Besos a todos de nuevo
(Me encanta este Foro)


----------



## Pinairun

gonlezza said:


> Pinairum, creo (en mi modesta opinión) que con "incomprensible" (aunque también puede tener su connotación poética  ), ahí sí que, en cierto modo, pide explicaciones. El subtexto es "dime por qué para que lo entienda"
> Besos a todos de nuevo
> (Me encanta este Foro)


 
_"Quiero escribírselo a un amigo que me ha dejado sin noticias sin que sepa por qué."_

¡Justo!  entre amigos...


----------



## gonlezza

Sí, ya sé, ya ha dicho que se trataba de un amigo, pero basándome en lo que Paquit& ha puesto al principio <doloroso>, he creído comprender que, efectivamente, a ella le dolía esa "incomprensible" situación . Situación de silencio incomprensible que ella quiere tratar delicadamente sin más: como mera descripción de sus sentimientos.

Besos de nuevo


----------



## Pinairun

gonlezza said:


> Sí, ya sé, ya ha dicho que se trataba de un amigo, pero basándome en lo que Paquit& ha puesto al principio <doloroso>, he creído comprender que, efectivamente, a ella le dolía esa "incomprensible" situación . Situación de silencio incomprensible que ella quiere tratar delicadamente sin más: como mera descripción de sus sentimientos.
> 
> Besos de nuevo


 
Es que una actuación "incomprensible" de un amigo como ésta, duele, o por lo menos mosquea. 
En el fondo estamos pensando lo msmo.
A ver si damos con la palabra adecuada.

Saludos


----------



## Paquita

Gracias a todos por vuestro interés.
Si no encuentro nada que pueda quedar neutro ("incomprensible" es lo justo, pero repito, no quiero preguntarle nada), me conformaré con la situación actual, aunque me duela...


----------



## Cintia&Martine

Buenas tardes, bonjour,

Quizá puedas decirle que su silencio te parece _insólito _y _perturbador _y como guiño las primeras rimas de Alberto Cortez 

Au revoir, hasta luego


----------



## Tina.Irun

Podrías decirle, sencillamente:

"...que te gustaría tener noticias suyas ya que hace mucho tiempo que no sabes nada de  él/de su vida...".

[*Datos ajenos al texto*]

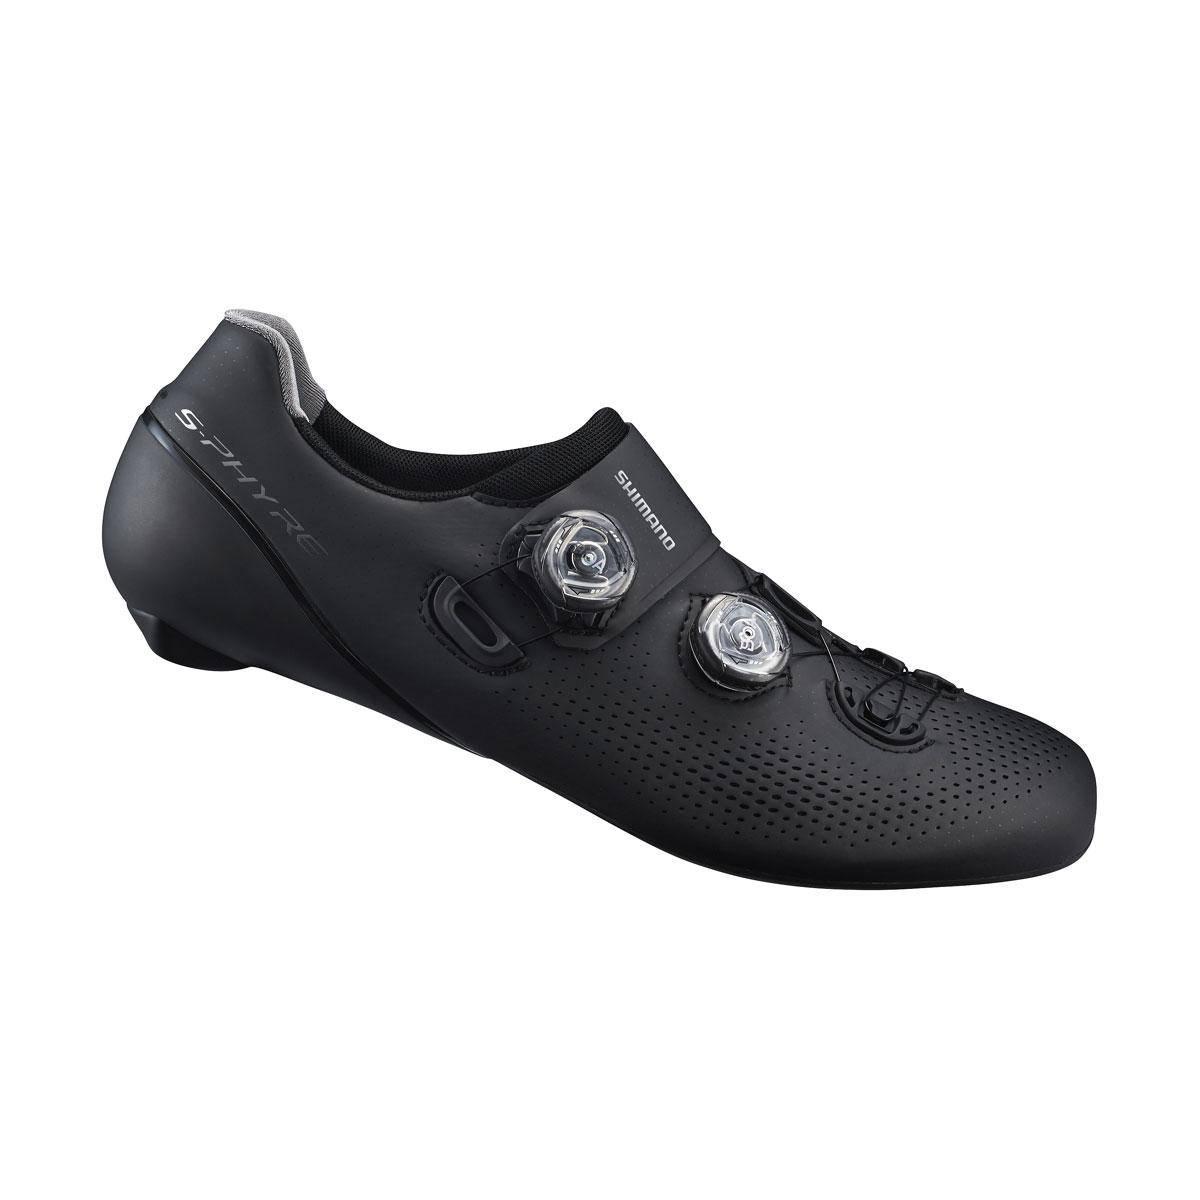 SHIMANO silniční obuv SH-RC901ML, černá, 46

Como pareces tenerle mucho cariño, sería una pena no hacer el intento.


----------



## gonlezza

Quizás, Paquit&, tu primera opción era la buena . Sencillamente, "doloroso"


----------



## Paquita

Gonlezza, creo que voy a seguir tu consejo... es lo que menos puede mosquearlo.

Tina, voy a seguir el tuyo, merece la pena intentar, seguro que lo harías tú en el mismo caso...

Martine, tu idea es genial con lo que le gusta la poesía...
Supongo que te refieres a esto ... adoptado.

De veras, muchísimas gracias a todos. 
Os daré noticias, pero por pm...no vayáis a pillarme chateando en el foro...


----------



## GURB

Hola Paquita
Peut-être cette phrase tirée de J. Marsé, Ultimas tardes con Teresa, pourra t'être utile.
_Teresa volvió a sentarse como antes, con las piernas cruzadas, una sandalia colgando de su pie, los ojos vaporosos clavados 
en su amigo. Se hizo *un silencio molesto.*_


----------



## Paquita

Merci Gurb, mais ce n'est pas tout à fait ce que je veux dire, molesto peut être compris comme un reproche... Je garde doloroso, ; j'espère qu'il comprendra


----------



## gonlezza

Vraiment, GURB, je croix qu'en vérité, "molesto" dans ce cas veut dire: "incómodo", por el contexto...


----------



## chlapec

Mi propuesta sería: *un amargo silencio*. Para mi expresaría lo que quieres decir, sin que suene a reproche


----------



## Paquita

gonlezza said:


> Vraiment, GURB, je croix qu'en vérité, "molesto" dans ce cas veut dire: "incómodo", por el contexto...


 
Oui, comme "pesant". 

En tu ejemplo, Gurb, ambas personas se ven... lo que molesta es que no saben qué decirse para "ocupar el silencio"...

Tu traducción es acertada en tu contexto, no en el mío... Léelo otra vez, el sentido es distinto. Llego a preguntarme si "pesant" es el término adecuado en francés... Tal vez me he equivocado, pero no veo cómo sustituirlo...

Gracias Chlapec, pero podría interpretarse que yo siento amargura, y no es el caso tampoco... Simplemente, me gustaría recibir noticias, y punto.


----------



## chlapec

oscuro, prolongado, abrumador, sostenido...


----------